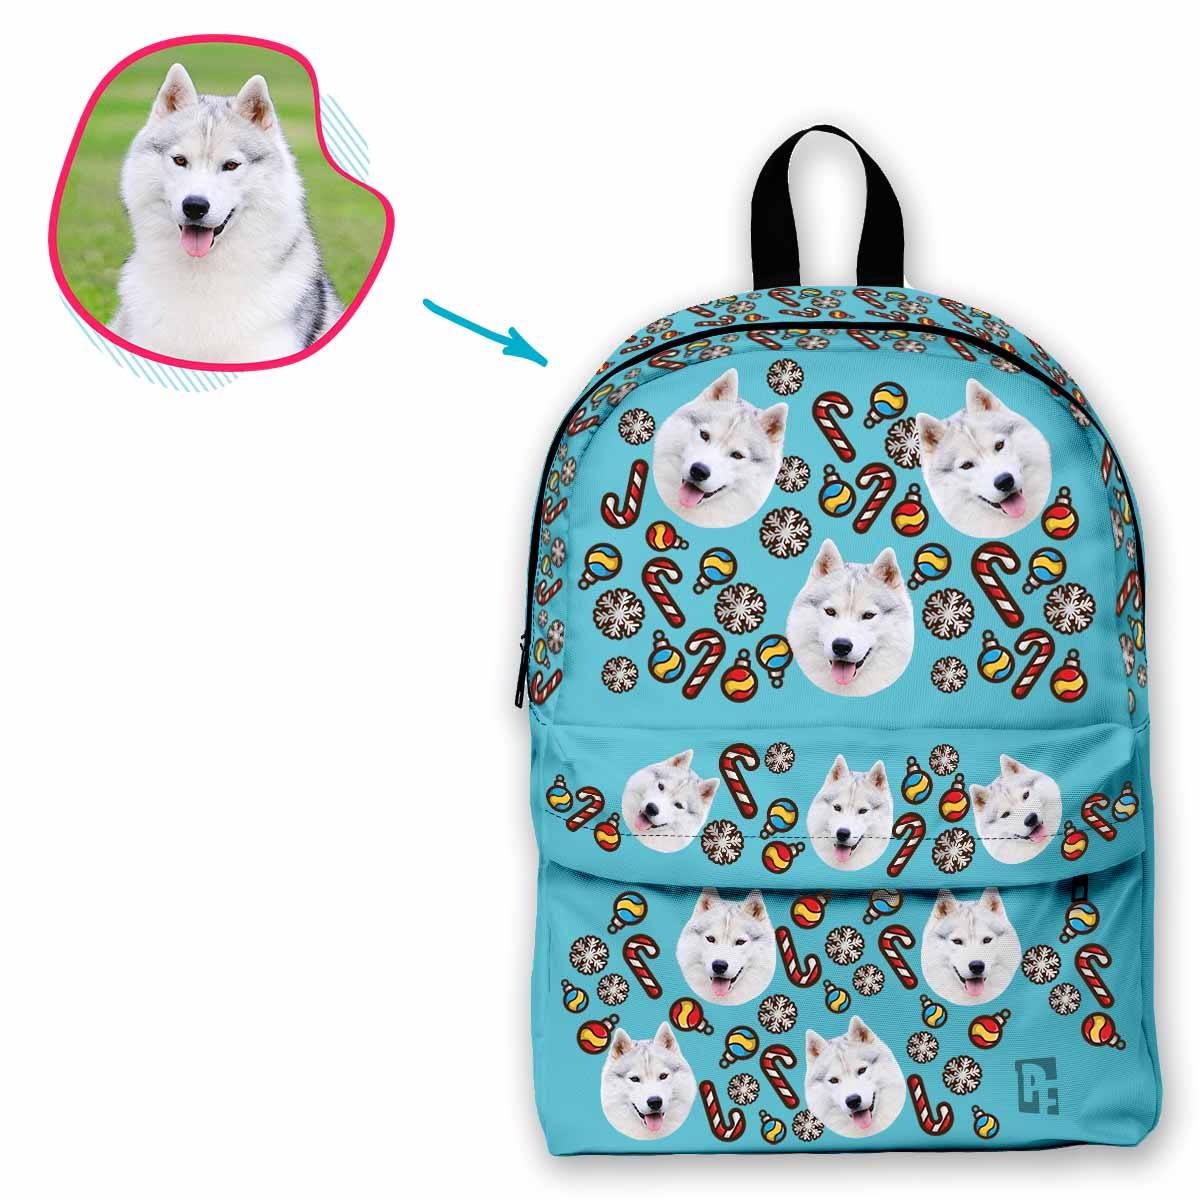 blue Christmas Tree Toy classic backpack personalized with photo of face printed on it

...

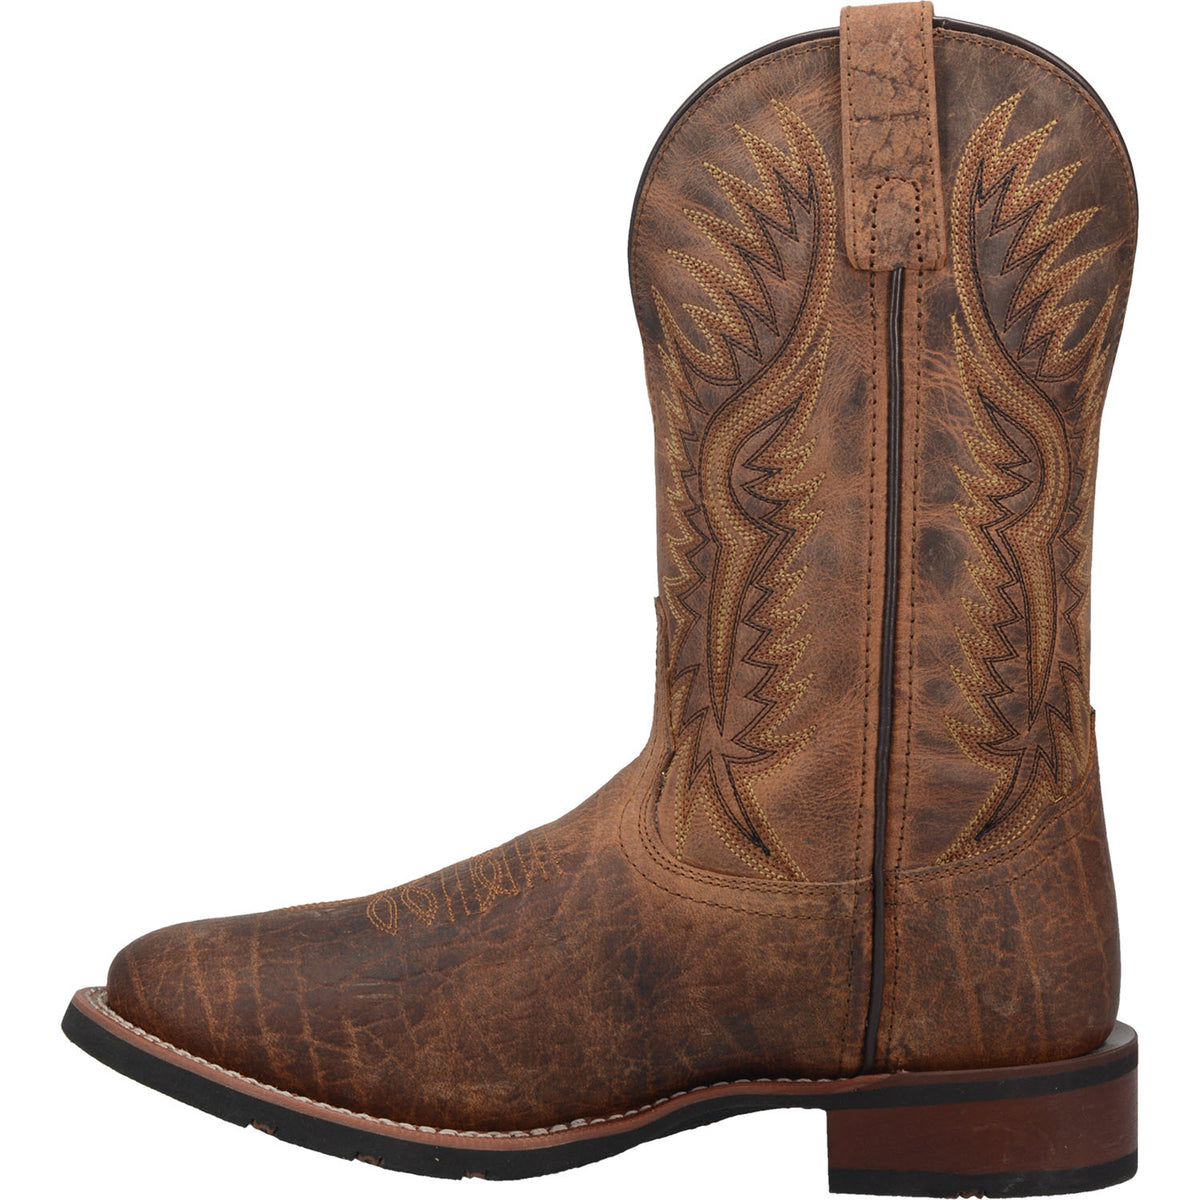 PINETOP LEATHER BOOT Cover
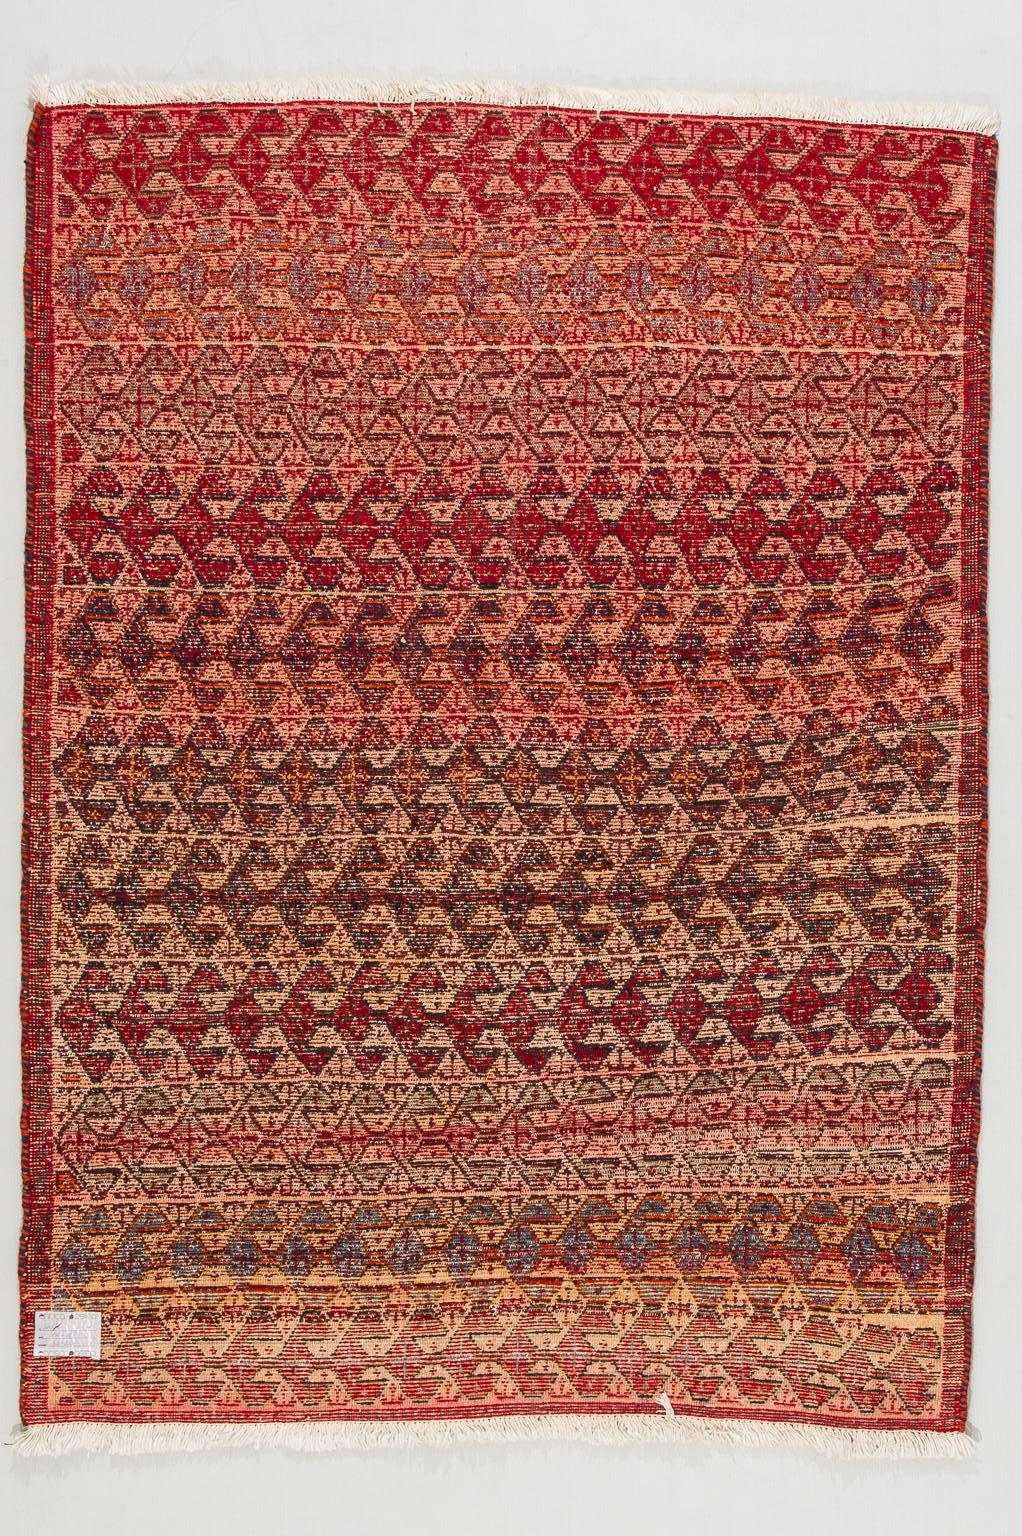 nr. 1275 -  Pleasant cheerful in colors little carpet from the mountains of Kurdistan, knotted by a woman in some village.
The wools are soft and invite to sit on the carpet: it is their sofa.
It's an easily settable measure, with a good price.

▶ **REQUIREMENT**:
Given the listing above, retype only the span of lines from the line with "PINETOP LEATHER BOOT Cover" up to and including the line with "It's an easily", exactly as it stands and without pictures.

▶ **ANSWER BELOW**:
 PINETOP LEATHER BOOT Cover
 nr. 1275 -  Pleasant cheerful in colors little carpet from the mountains of Kurdistan, knotted by a woman in some village.
The wools are soft and invite to sit on the carpet: it is their sofa.
It's an easily settable measure, with a good price.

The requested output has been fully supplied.